Es dauerte einen Moment, bis ich begriff, dass ich mit jemandem zusammengestoßen war und die umhersegelnden Dinger Papierblätter gewesen waren. "Oh, tut mir schrechlich Leid! Das wollte ich nicht, warte, lass mich dir helfen", rief ich hektisch und kniete mich ohne aufzusehen ins Gras, welches ich durch die Löcher in meiner Jeans spüren konnte, um die Blätter aufzusammeln. Ich wollte eigentlich gar nicht darauf achten, was darauf zu sehen oder zu lesen sein könnte, doch irgendwann landete mein Blick doch auf den Zeilen. Es schienen Notizen - Hausaufgaben? Wer nahm seine Hausaufgaben zu einem Campingplatz mit? - zu sein, versehen mit Zeichnungen.

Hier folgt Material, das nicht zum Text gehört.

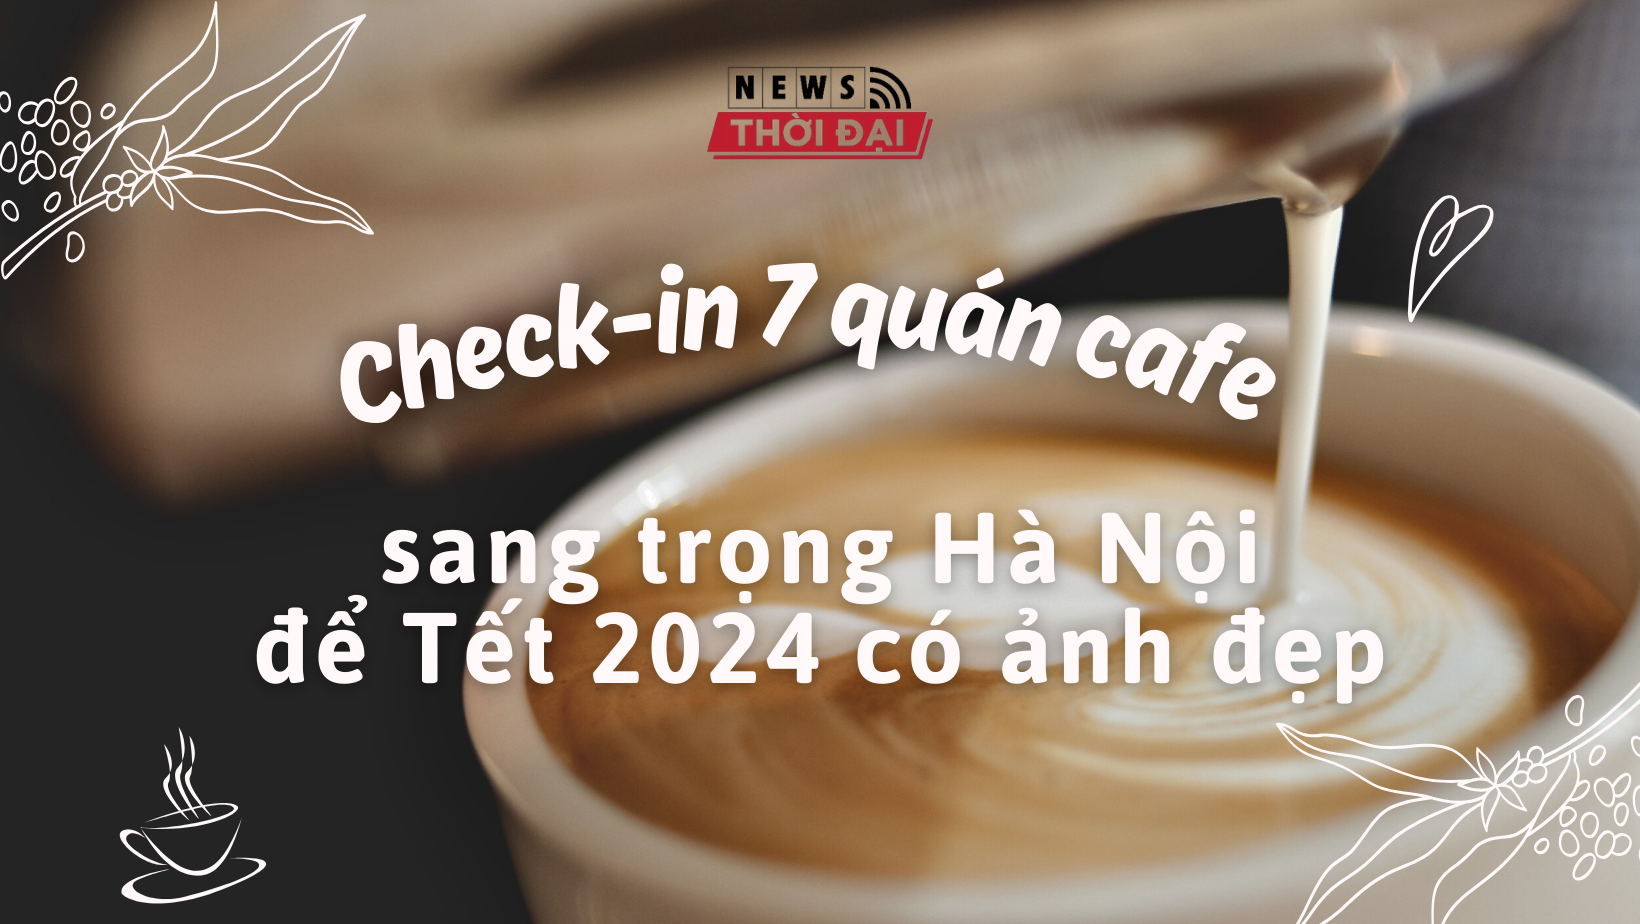 Check-in 7 quán cafe sang trọng Hà Nội để Tết 2024 có ảnh đẹp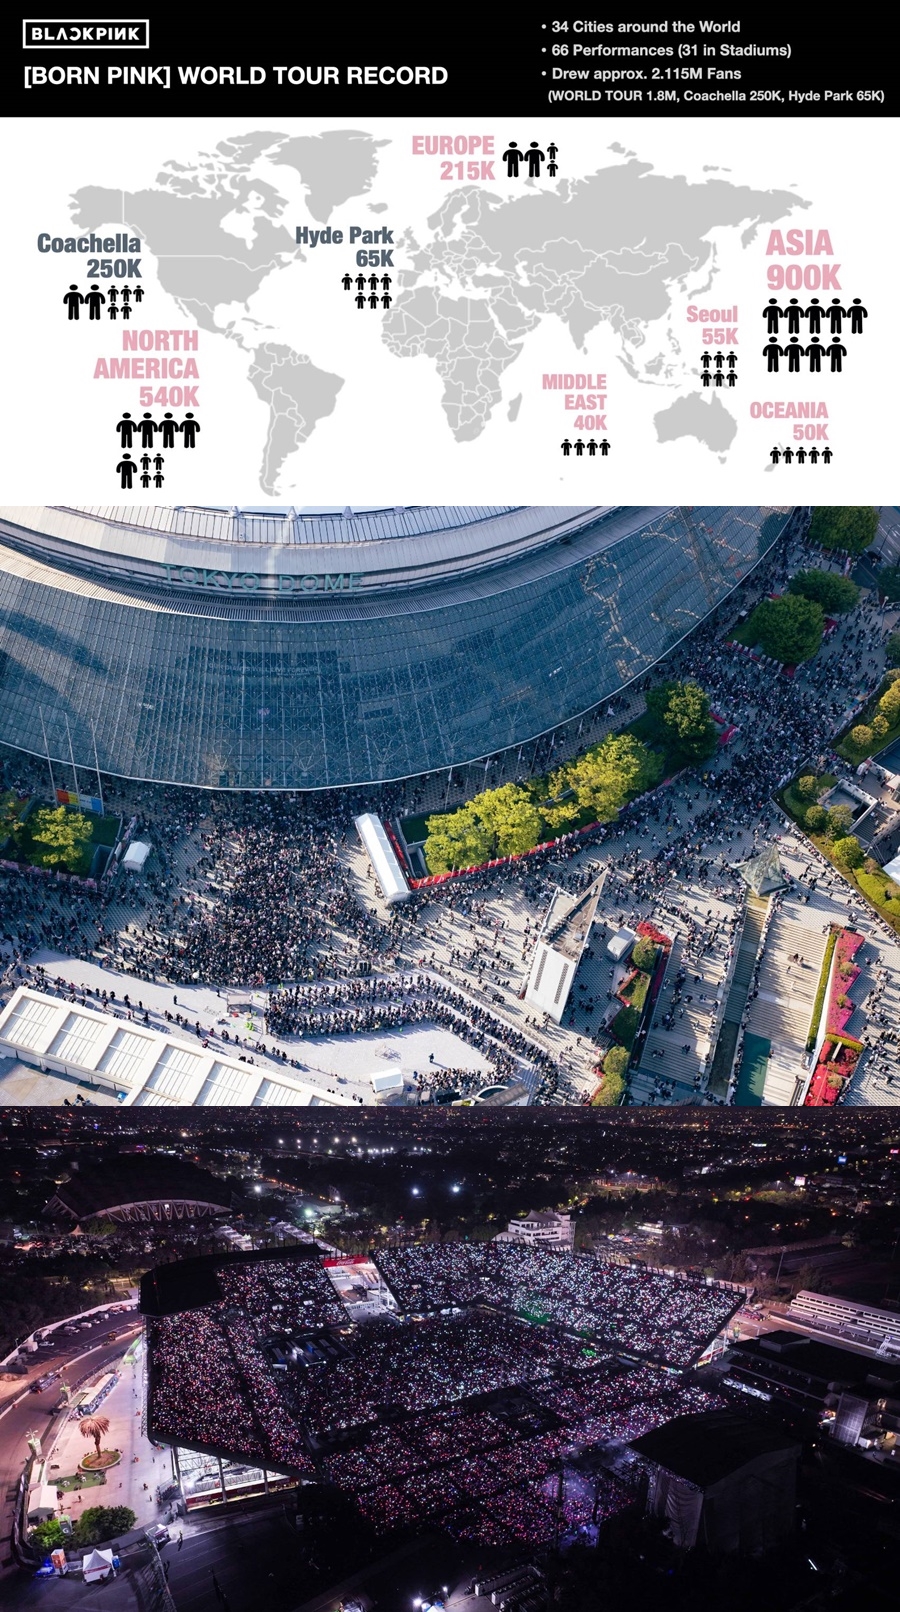 블랙핑크, 단순한 공연 넘어 '세계인의 축제'로 완성된 'BORN PINK' 투어

Im nächsten Moment wurde mir klar, dass es keine Hausaufgaben waren, sondern Informationen zu anderen Dingen. Wörter, die ich noch nie gelesen hatte, Zeichnungen von fantastischen Wesen. Ich errötete leicht und raffte die Blätter, die ich zu greifen bekommen hatte, hektisch zusammen. Ich hatte das Gefühl, das nicht gesehen haben zu sollen, als wäre es nicht für irgendjemandes Augen bestimmt.
Eilig stand ich auf und drückte der anderen Person ihre Notizen in die Hand. Mein Kopf hob sich, mein Blick streifte das Gesicht meines Gegenübers, welches ich bis jetzt überhaupt nicht beachtet hatte.
Strahlende, rehbraune Augen, halb verborgen unter langen Wimpern. Doch es war dieses Funkeln in ihnen, das mir den Atem aus den Lungen zu ziehen schien. Als hätten diese Augen gesehen, wie Welten erschaffen wurden und wieder zerfielen; als würden sie pure Magie beherbergen.
Und dann wurde mir klar, dieser eine Moment aus den Märchen existiert doch.